Regional policy became programme-based and there was a partial devolution
of regional development powers to regions. The 20 regions in Finland
consist of unions of local authorities and they each bear responsibility
to make the regional strategy and plan. However, the central authorities
are crucial through general policies and funding. A step towards more
comprehensive regional autonomy will take place in 20052010
when in Kainuu an experiment of extended regional autonomy in development
and funding decisions is carried out. The target region is the poorest
in Finland. Actually, the unemployment rate (17.0 %) is the highest
and the rate of employed (55.3 %) among 15-64 years is the lowest
in Finland. (Statistics Finland 2004). Urban policies in Finland have been implemented since
the mid-1990s and they rely on the idea of networks linked to EU policies.
One successful example is the Centre of Expertise programme started
already in 1994. The task of the Centres of Expertise, currently in
22 locations (19 towns and three thematic networks), is to support
the development of internationally competitive top expertise in welfare
services, business and industry (Government 2004). Universities, polytechnics,
leading enterprises and local and regional authorities cooperate in
selected economic activities to promote business and regional development.
The six largest towns take part of the programme in which 41 projects
were completed in 1999 2002 with the budget of 14.4 million
euro. One case is the regionalisation of the technological
transformation of Oulu urban region to northern Finland. This is done
through Multipolis, a co-operation network and activity between technology
enterprises and regional developers in northern Finland. The network
connects 15 specialised spatial clusters (polis) of technology enterprises
and expertise in northern Finland and it is used as an active instrument
of regional innovation policy improving the initiation and development
of technology-related products, enterprises and activities (Jauhiainen
et al. 2004; Multipolis
2004). Another is the programme for regional centres, initiated
in 2000 and currently covering 34 centres around the country. The
target is to balance regional development through an urban network.
The main task is to provide basic settings for entrepreneurship and
services and to support regional centres and their surroundings. The
promotion of competences in selected economic activities of the centres
is important. By 2006, the regional centres should have clear and
working cooperation within their sphere of influence and the current
negative demographic and economic trends should have been tackled
(Sisäministeriö 2004). Still not yet focused is the policy for the largest
towns and for the Helsinki metropolitan area.
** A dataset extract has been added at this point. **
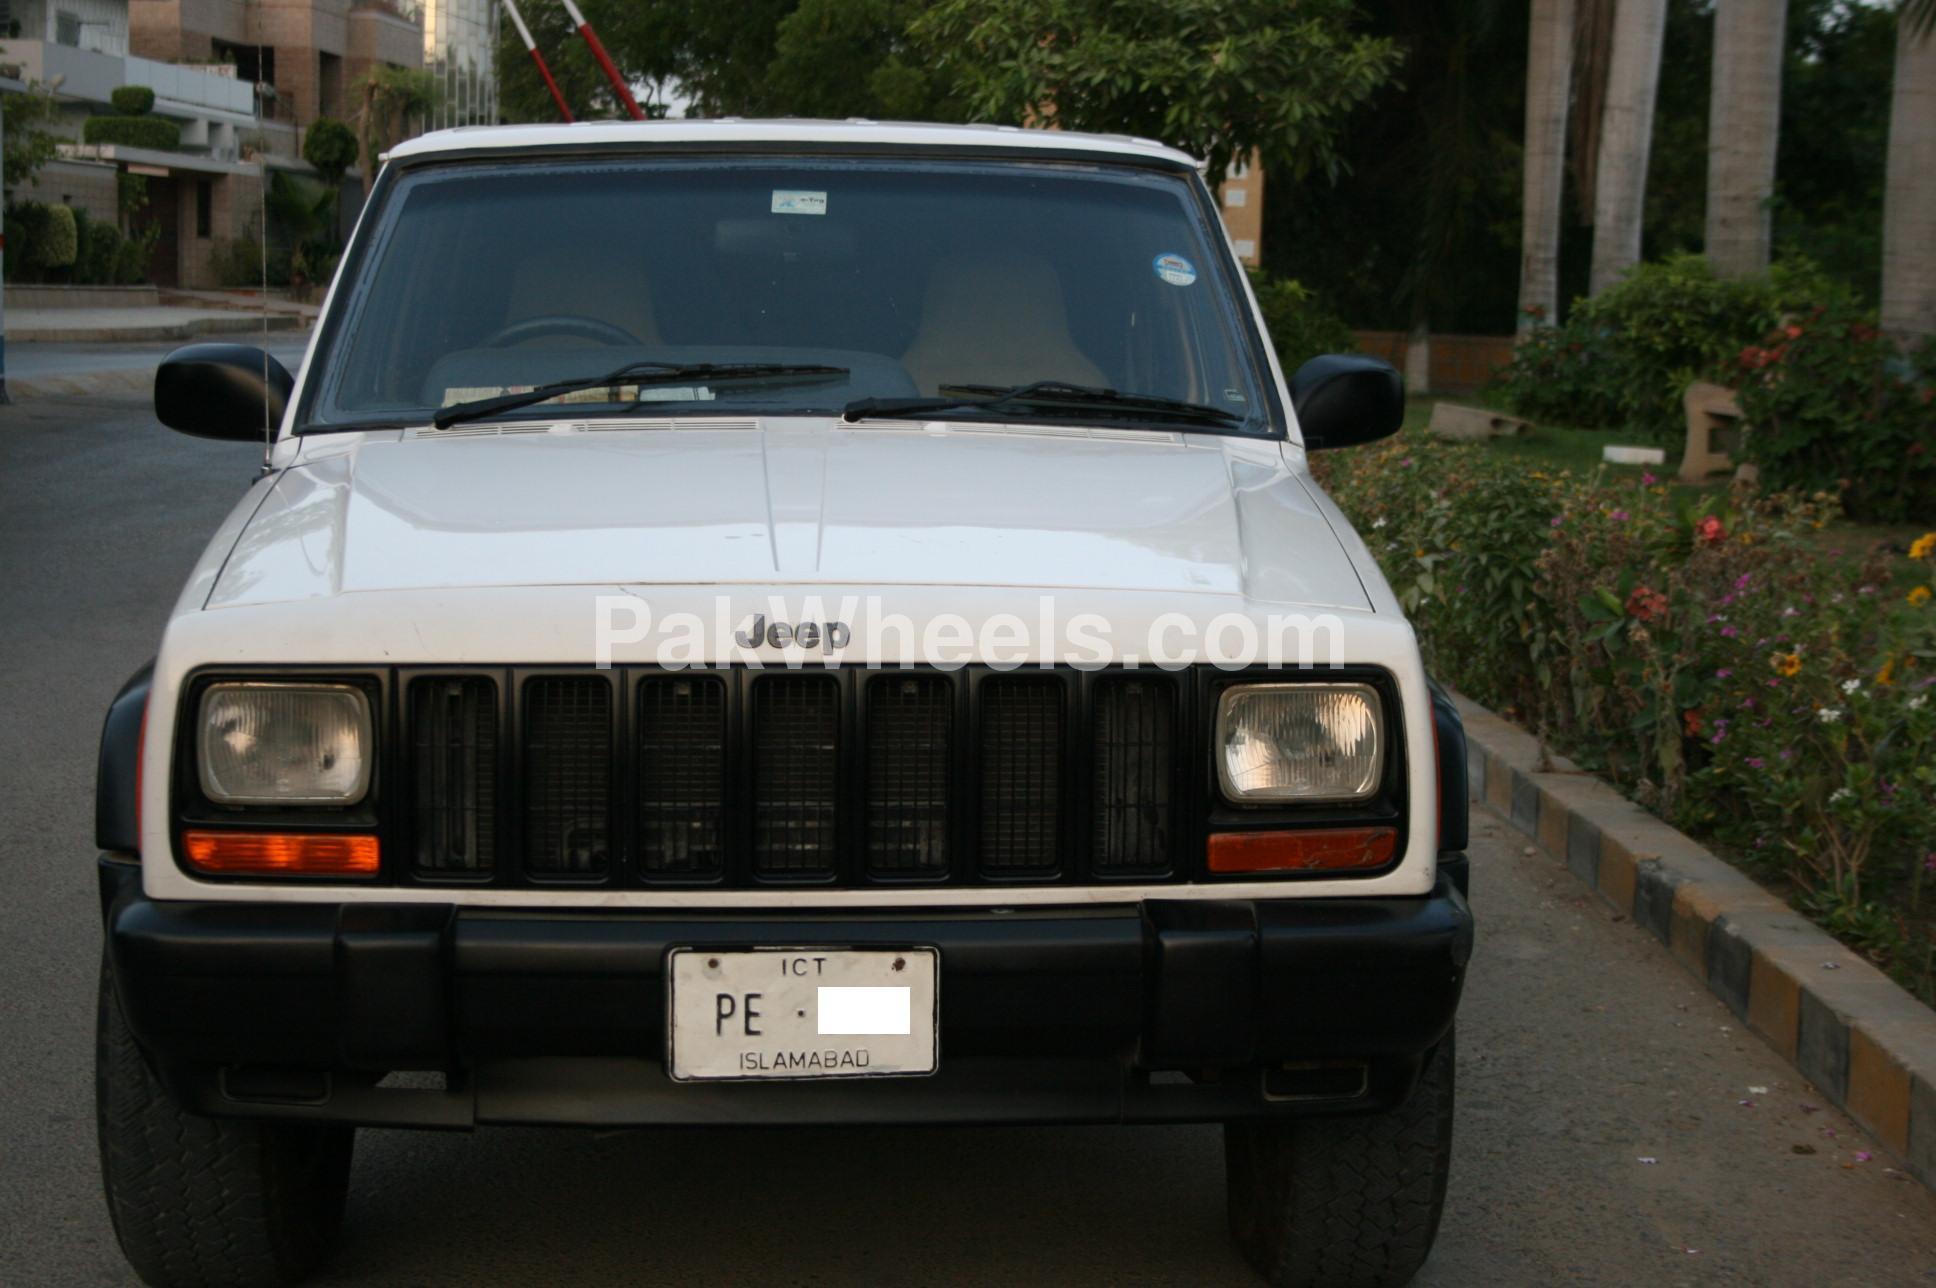 Jeep Cherokee 1997 for sale in Karachi

Cooperation between
municipalities in the Helsinki metropolitan area and central government
are being developed in housing, transport and community planning.
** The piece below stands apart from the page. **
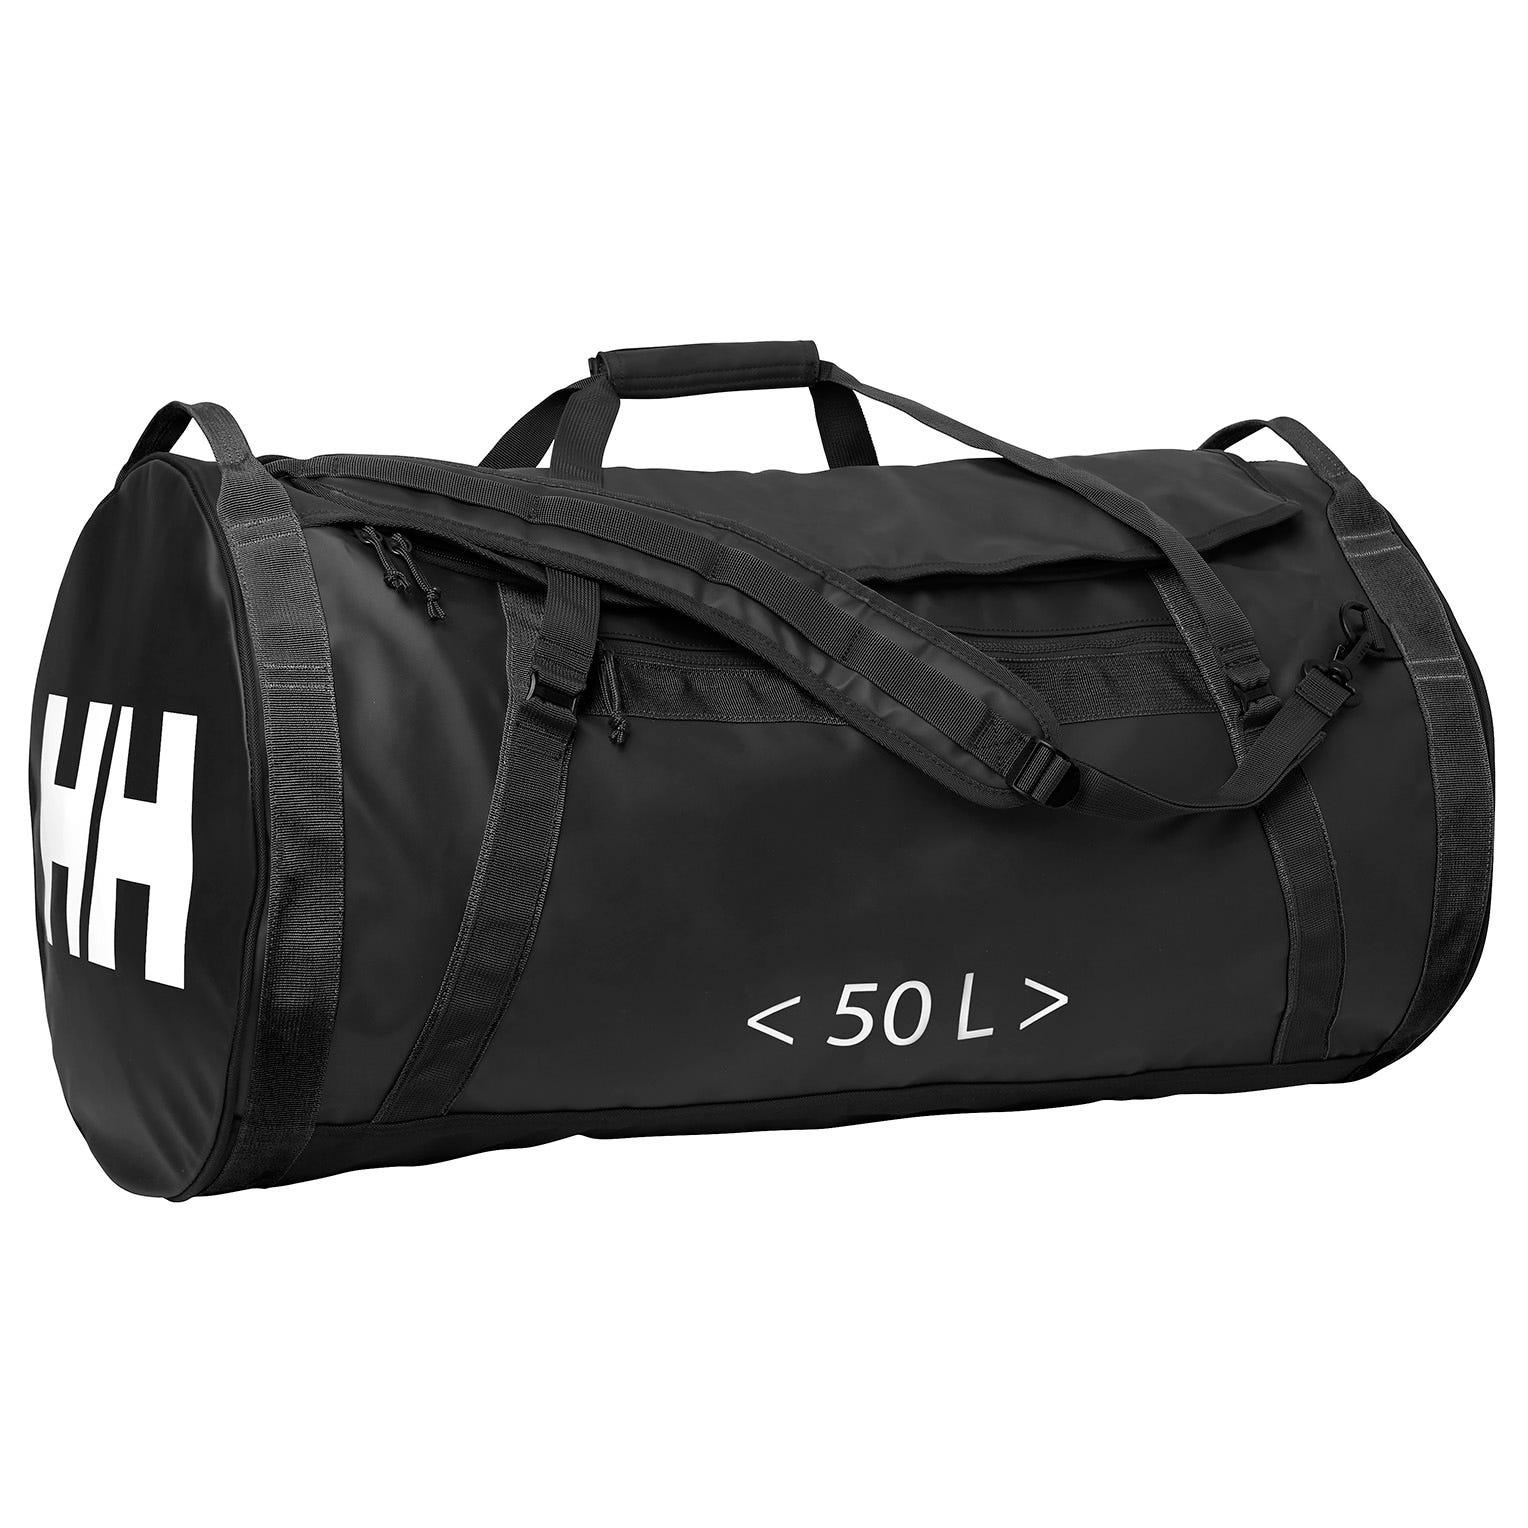 Helly Hansen Duffelbag 2 50l Svart STD

There has been a long cooperation in transport and health care in
the Helsinki metropolitan area. Nevertheless, formal and informal
bodies have recently emerged to develop strategies. An example of
an informal body is the discussion group between the mayors of Helsinki,
Espoo and Vantaa and a more formal is the politically appointed strategy
commission. The central government has demanded stronger cooperation
in the metropolitan area that has caused debate because Finnish municipalities
traditionally enjoy autonomy in local development. One particular
phenomenon has been the Six-pack, e.g. the lobby group
of six largest towns to negotiate with the central authorities on
issues relevant to them. In summer 2004 a nationwide commission to
develop a national policy for large towns (i.e. of more
than 70,000 inhabitants) was established. Governance is a challenging topic in the intra-municipal
cooperation since there are not real administrative bodies for functional
urban regions. Nevertheless, common strategies of land-use and economic
policies are needed to achieve sustainability for urban regions. The
central government has cut resources resulting problems in towns to
provide the obligatory basic services. The inter-municipal organisation
of services and their private-led organisation is a reactive possibility
Finnish municipalities are considering. The Oulu urban region is an
example. The negotiations between the mayors in respective municipalities
started in 1992 and a collective agreement about the principles and
strategies for the urban region was formed in 1996. In 2003, the cooperative
body consists of council, government and development groups for the
urban region. The aim is that it orders certain statutory services
for the urban region based on public-private partnership. For strategic
land-use questions a common master plan has been approved (Oulun Seutu
2004). There has been signed also a proactive voluntary growth
agreement for 2006 in Oulu between public and private sector
to create 6,000 new jobs, 150 new enterprises and 1,500 million euro
of additional turnover by 2006 (Oulu 2004). Finland has experienced different stages of urbanisation
more rapidly than many European countries. The economy declined and
grew in the 1990s. The many-sided larger university towns took the
advantages of the technological transformation as well as smaller
towns with large ICT R&D, component production and assembling
activities. Small towns (10,000-40,000) specialised in traditional
industry declined. There is not yet physical decay but unemployment
is a severe social problem. So far the principles of welfare policy
have prevented a profound depression in declining towns. The rapid growth and decline are materialised in
the physical and social infrastructure of towns. The growing and declining towns are facing the same challenges but from
different, often opposing viewpoints. The local strategies
of Finnish municipalities in fastest
growing and declining Oulu and Kainuu regions are studied in the research
project Eco-efficiency
in growing and declining residential areas: The physical, social and
ecological sustainability of a changing urban structure at the
University of Oulu. The multidisciplinary study is conducted in 200305
to find appropriate indicators to measure the outcomes of growth
and decline at local level, to find successful local strategies and
enhance land-use
planning in redirecting the development towards ecologically,
economically and socially sustainable environment. The growth and decline of residential areas as well as ecological, social
and material efficiency of growth and decline and their interaction
are researched simultaneously with extensive (Where? How much? How
general?) and intensive (How did it happen? What where the mechanisms of change? Why
did it happen?) research methods. These include land-use
analysis with time series GIS, semi-structured questionnaires and
thematic interviews of adult inhabitants, children, planners and experts,
and participatory observation of planning processes regarding growing
and declining neighborhoods (Hentilä et
al. 2004). The
research results so far indicate that there is no guarantee for long-term
growth or decline. It seems that towns are still trying to find too
much alone the successful strategies for the challenges of growth,
decline and regeneration there is needed more national and
international cooperation. For example, the practice of sustainable
smart growth has been carried out in the US for more than
a decade (Szold & Carbonell 2002). However, the discussion about
its principles and its implementation in Finland has been limited.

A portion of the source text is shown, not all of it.